Summary: arXiv:2603.03823v4 Announce Type: replace-cross

Abstract: Large language model (LLM)-powered agents have demonstrated strong capabilities in automating software engineering tasks such as static bug fixing. However, in the real world, the development of mature software is typically predicated on complex requirement changes and long-term feature iterations — a process that static, one-shot repair paradigms fail to capture. To bridge this gap, we propose SWE-CI, the first repository-level benchmark built upon the Continuous Integration loop, aiming to shift the evaluation paradigm for code generation from static, short-term functional correctness toward dynamic, long-term maintainability. The key insight is simple: Maintainability can be revealed by tracking how functional correctness changes over time. The benchmark comprises 100 tasks, each deriving from a real-world code repository with a development history spanning an average of 233 days and 71 consecutive commits. SWE-CI requires agents to systematically resolve these tasks through dozens of rounds of analysis and coding iterations. SWE-CI provides valuable insights into how well agents can sustain code quality throughout long-term evolution.

Introduction to SWE-CI

The advent of large language models has transformed the landscape of software engineering by enabling more efficient automation of various tasks. Despite these advancements, the traditional methods of evaluating code generation capabilities frequently rely on static assessments. This approach often overlooks the dynamic nature of software development, where requirements evolve and codebases undergo continuous changes.

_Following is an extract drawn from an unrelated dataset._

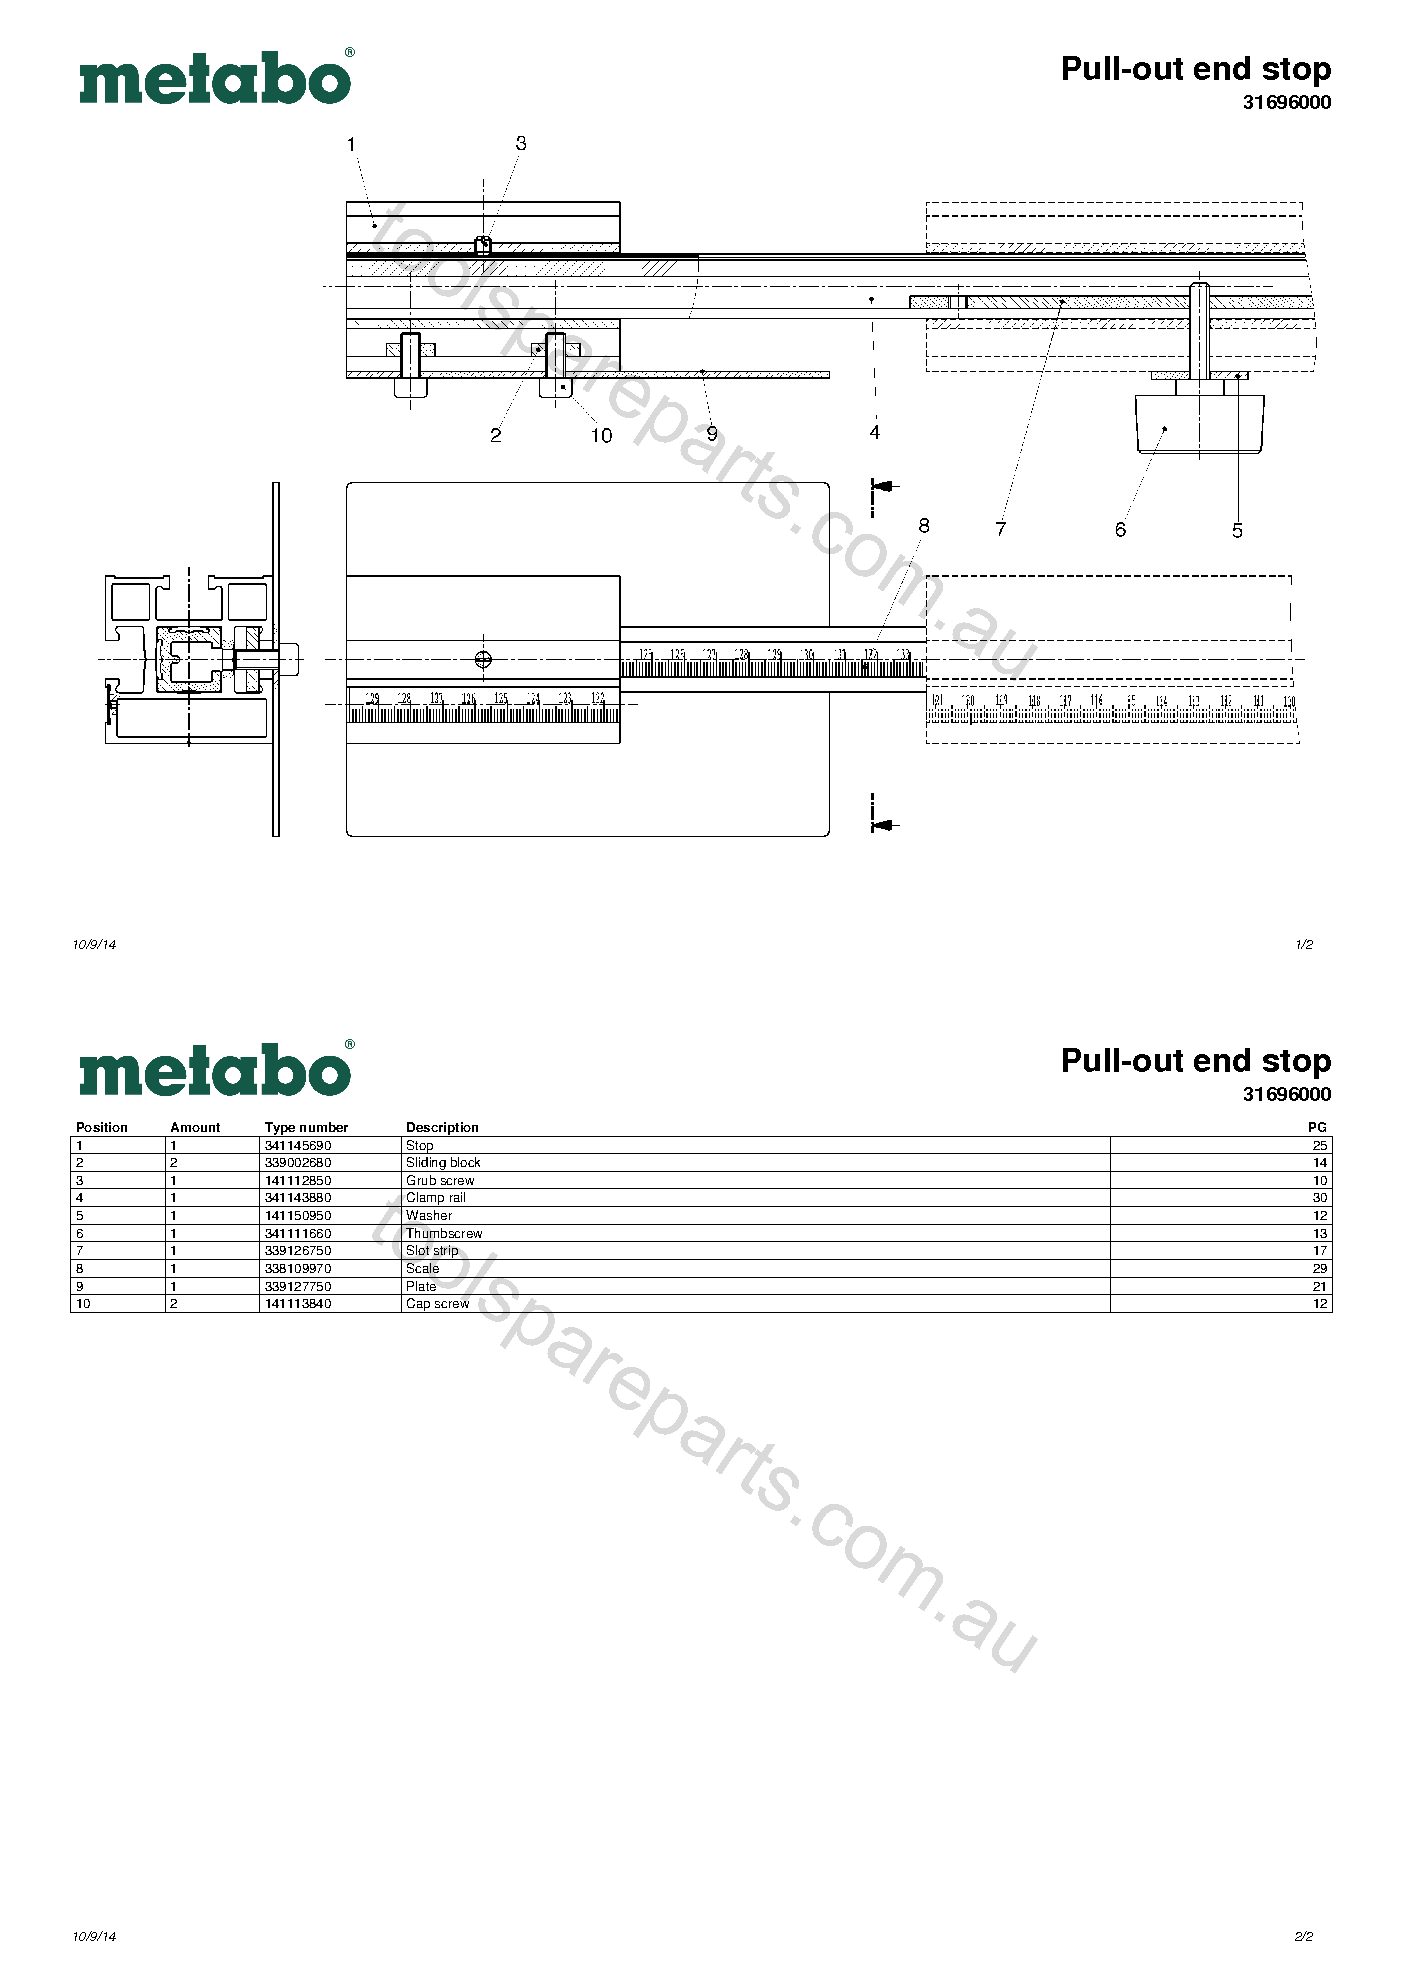 Metabo Pull-out end stop 31696000  Diagram 1

The Need for Dynamic Testing

Static bug fixing tools, while useful, do not account for the complexities inherent in real-world software development. As software projects grow, the demand for maintaining code quality and ensuring long-term functionality becomes paramount. SWE-CI addresses this need by creating a benchmark that evaluates the performance of LLM-powered agents over extended periods.

Key Features of SWE-CI

  • Repository-Level Benchmark: SWE-CI utilizes a repository-level approach that reflects real-world scenarios and maintains authenticity in testing environments.
  • Long-Term Evaluation: Each task is designed to track the evolution of functional correctness over a significant timeframe, providing insights into maintainability.
  • Comprehensive Task Design: The benchmark consists of 100 tasks, each derived from actual codebases with an average development history of 233 days.
  • Iterative Analysis: Agents are required to engage in multiple rounds of analysis and coding iterations, enhancing their ability to adapt to changing requirements.

Conclusion

SWE-CI represents a significant shift in how we evaluate the capabilities of AI agents in software development. By focusing on long-term maintainability and the evolution of functional correctness, this benchmark not only sets a new standard for evaluation but also provides deeper insights into the performance of LLMs as they navigate the complexities of real-world software engineering tasks. As the field progresses, metrics like those proposed by SWE-CI will be crucial in guiding future developments in AI-assisted software engineering.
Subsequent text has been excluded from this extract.